Sounds like Nathan’s about to have a house party, eh?

Let’s see if we can’t double the crowd from last time, get 200 people to show up, and slam that bike rack so full ten-speeds overflow into the street.

Mikrofest III (at Nathan’s) happens Saturday, Jan. 20, starting at 2 p.m. Directions, as well as a lineup of set times for all of the bands, can be found at Brown Interiour Music.   



Mikrofest III

With: Mike Dixon, the Mona Reels, Kickball, Lake, Skrill Meadow & Part Dog, Sisters, the Sundance Kids, Robert, Helga, Fisher J Price, Car Scars, Problems, Birch Cooper, Goldstar, Fall of Electricity and Slow Dance Fast

When: Saturday, Jan. 20, 2 p.m.

Where: 2235 54th Ave. S.W., near Trosper and Capitol, Tumwater, www.brown   interiourmusic.com

Cost: $3-$5, BYO BBQ



Tuesday

There are two new records coming out on Tuesday, Jan. 23, that you should know about — for entirely different reasons.

On an upbeat note, the Shins release Wincing the Night Away on Jan. 23. Let’s see if they’ll need another “Garden State” to make this one sell. My guess is no.
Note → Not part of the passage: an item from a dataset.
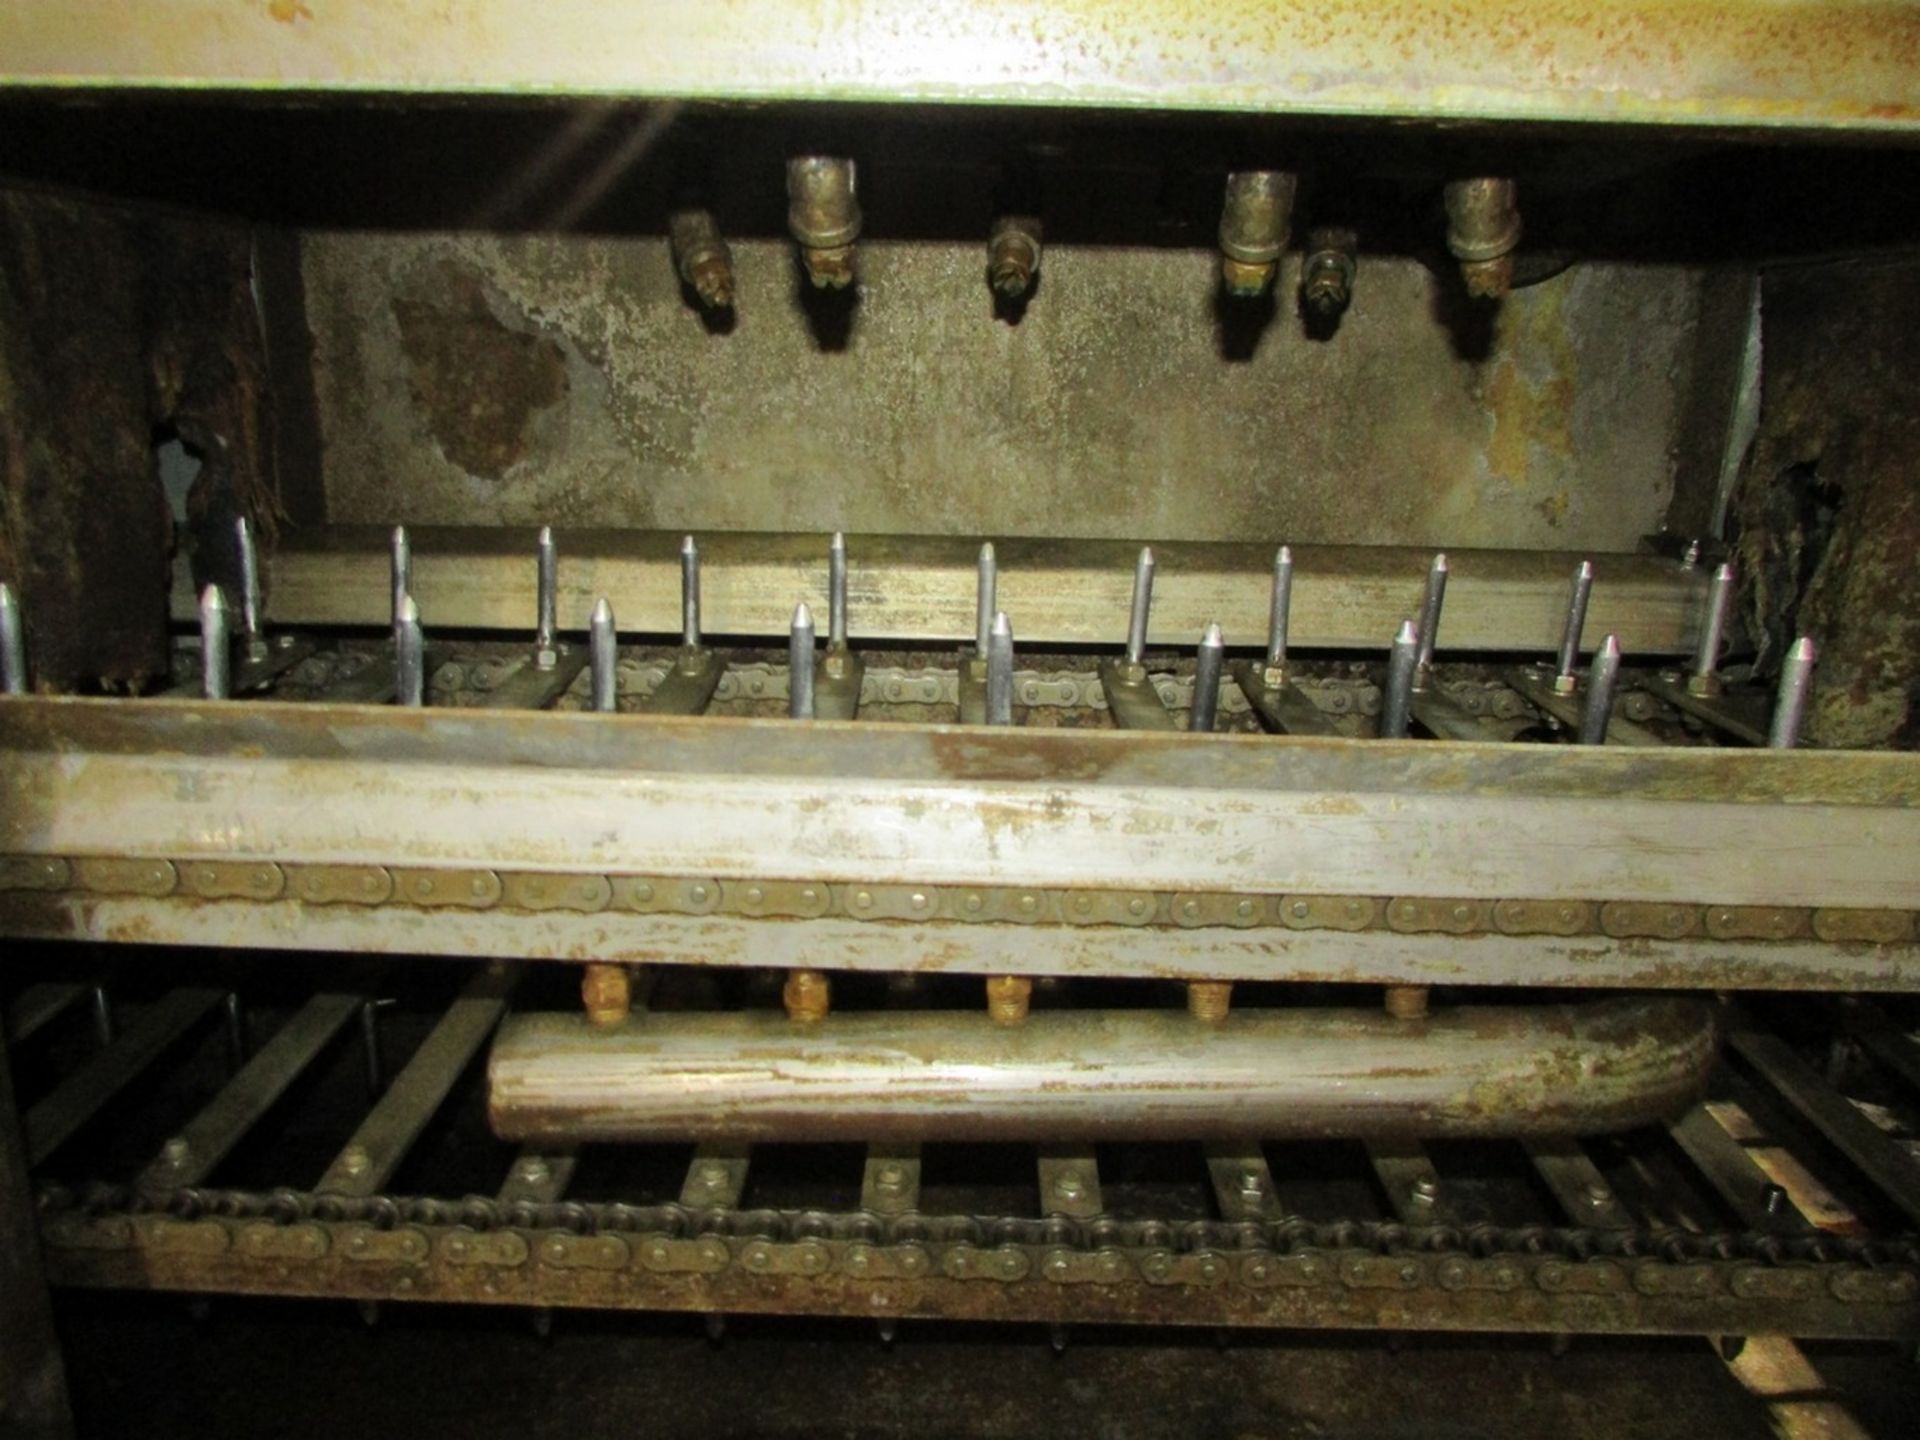 Automated Finishing Model 4078 Automatic Conveyor Parts Washer - Image 5 of 14

And on a disgusting note, John Mellencamp releases Freedom’s Road that same day. What the hell happened to you, Johnny Cougar? Freedom’s Road features that mind-bogglingly wretched tune that’s in all the truck commercials. The song single-handedly made football season less enjoyable. Does the Secret Service come to my house if I say I want John Mellencamp shot?